Paul Hudson, KTH/SciLifeLab, and Johan Elf, Uppsala University/SciLifeLab receives 24 Million SEK each during 6 years from VR.
Paul Hudson is granted for his project “INTEGRATE: A new paradigm for designing and cell factories”, which also includes Per-Olof Syren at KTH/SciLifeLab, Jens Nielsen at Chalmers/SciLifeLab, and partners in EPFL Switzerland and Griefswald Germany. It brings together world experts in microbial physiology, metabolic modeling, and protein engineering to create a bacteria that can make totally new terpene compounds from CO2 and hydrogen.
“The project is unique in that all three parties collaborate from the very beginning to design the best possible pathway in terms of native metabolism and possible enzymes.” Paul Hudson siad. “We will then use systems biology to find the bottlenecks, and state-of-the art protein engineering to evolve the slowest enzymes to be faster.

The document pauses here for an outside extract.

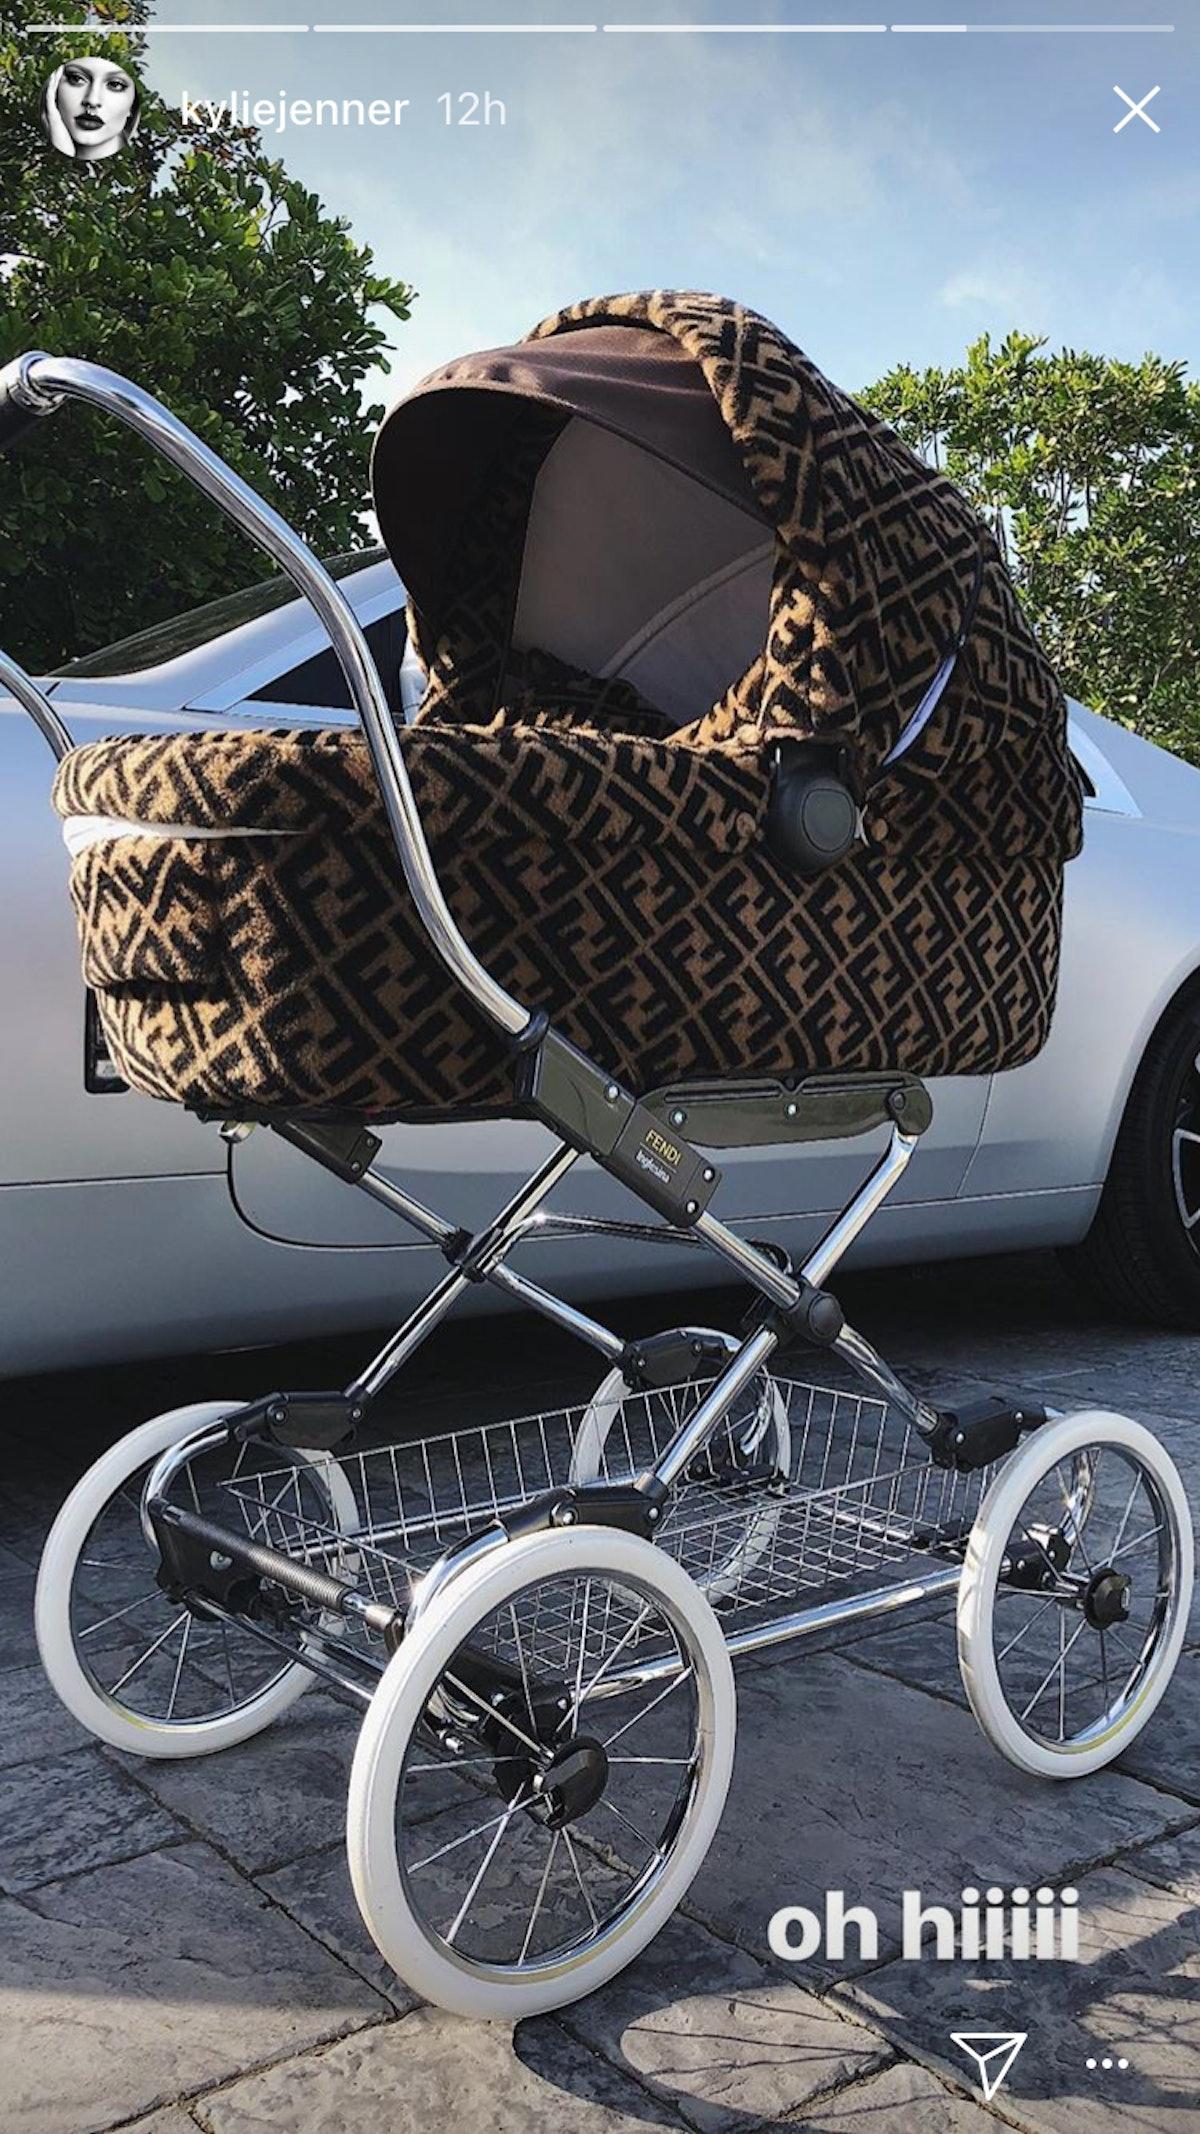 kylie-jenner-fendi-stroller-insta.png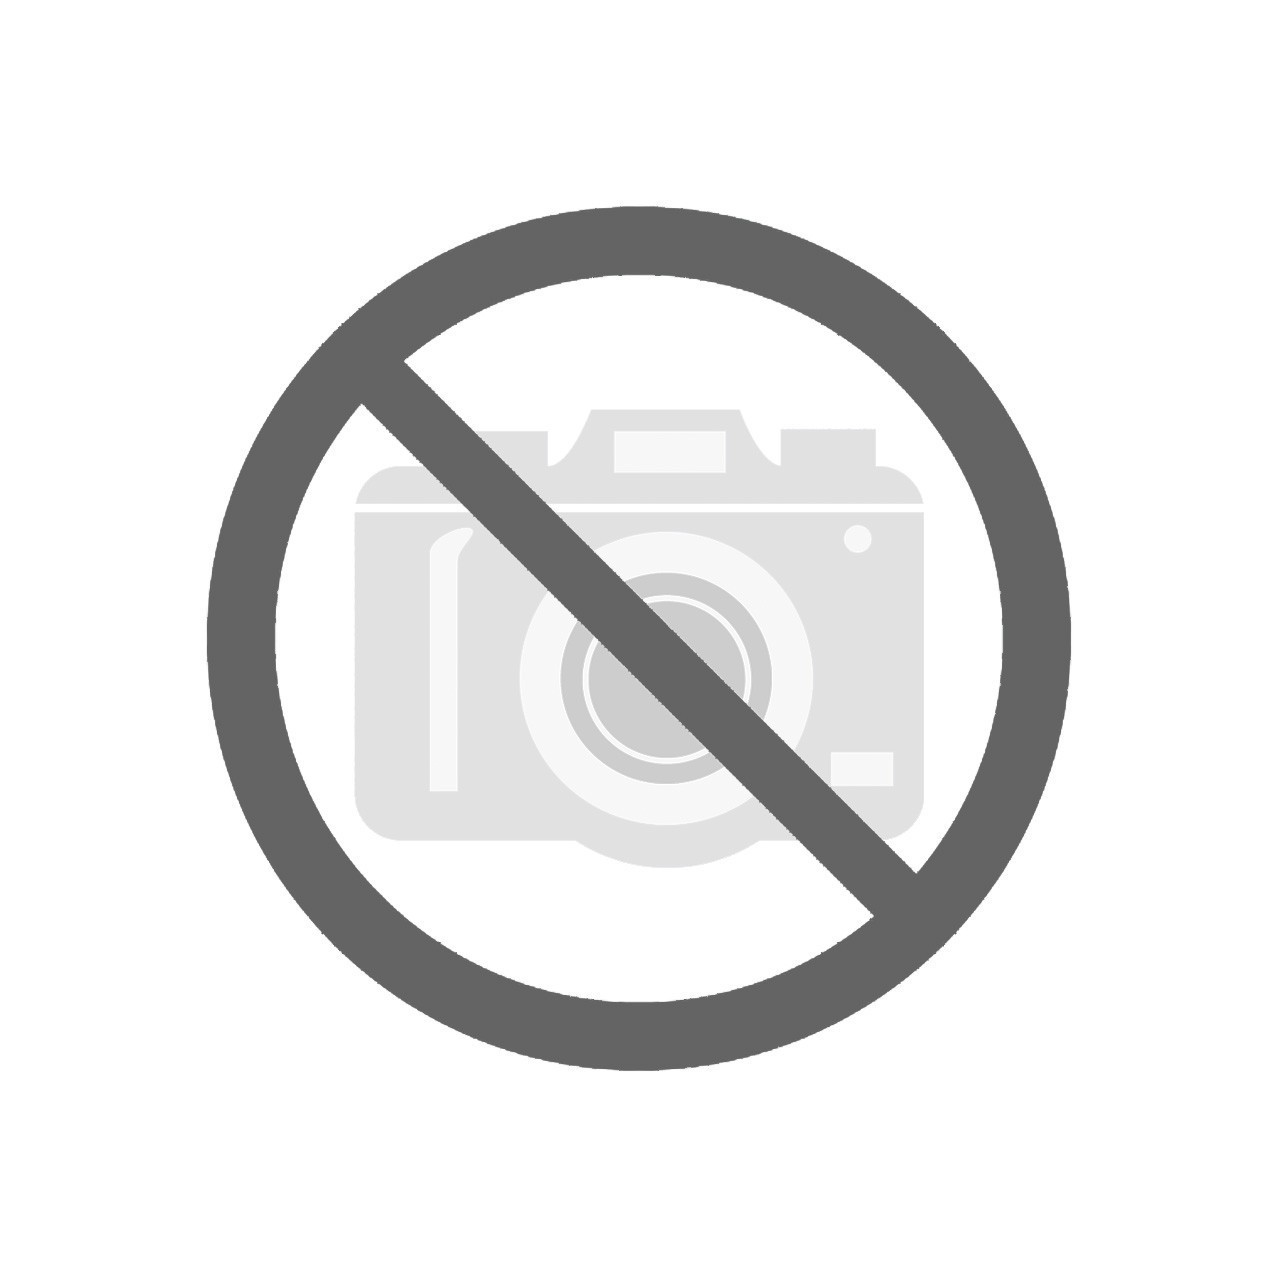 Устройство поворота штанги для BPK 35 N / BPK 35 N2

There is lots of industrial potential.”
Johan Elf gets the grant to build a research environment focusing on the physical principles for genome search by means of large scale dynamic phenotyping of strain libraries. The environment also comprises research groups led by Maria Tenje, Lynn Kamerlin and Sebastian Deindl at Uppsala University/SciLifeLab.
“The interdisciplinary environment will build bridges between biology, engineering and physics with many potential applications throughout the life sciences.” Johan Elf said. “Appealing as it may sound, collaborative efforts between engineers and scientists are rare in Sweden and much is to be gained by closing the loop between technology development and fundamental research.”
If successful, the technology that is being developed will make it possible to connect dynamic phenotypes to the underlying genotype for thousands of different cell strains simultaneously. This will have important applications in many areas of science including drug discovery, biotech product optimization and basic genetic research.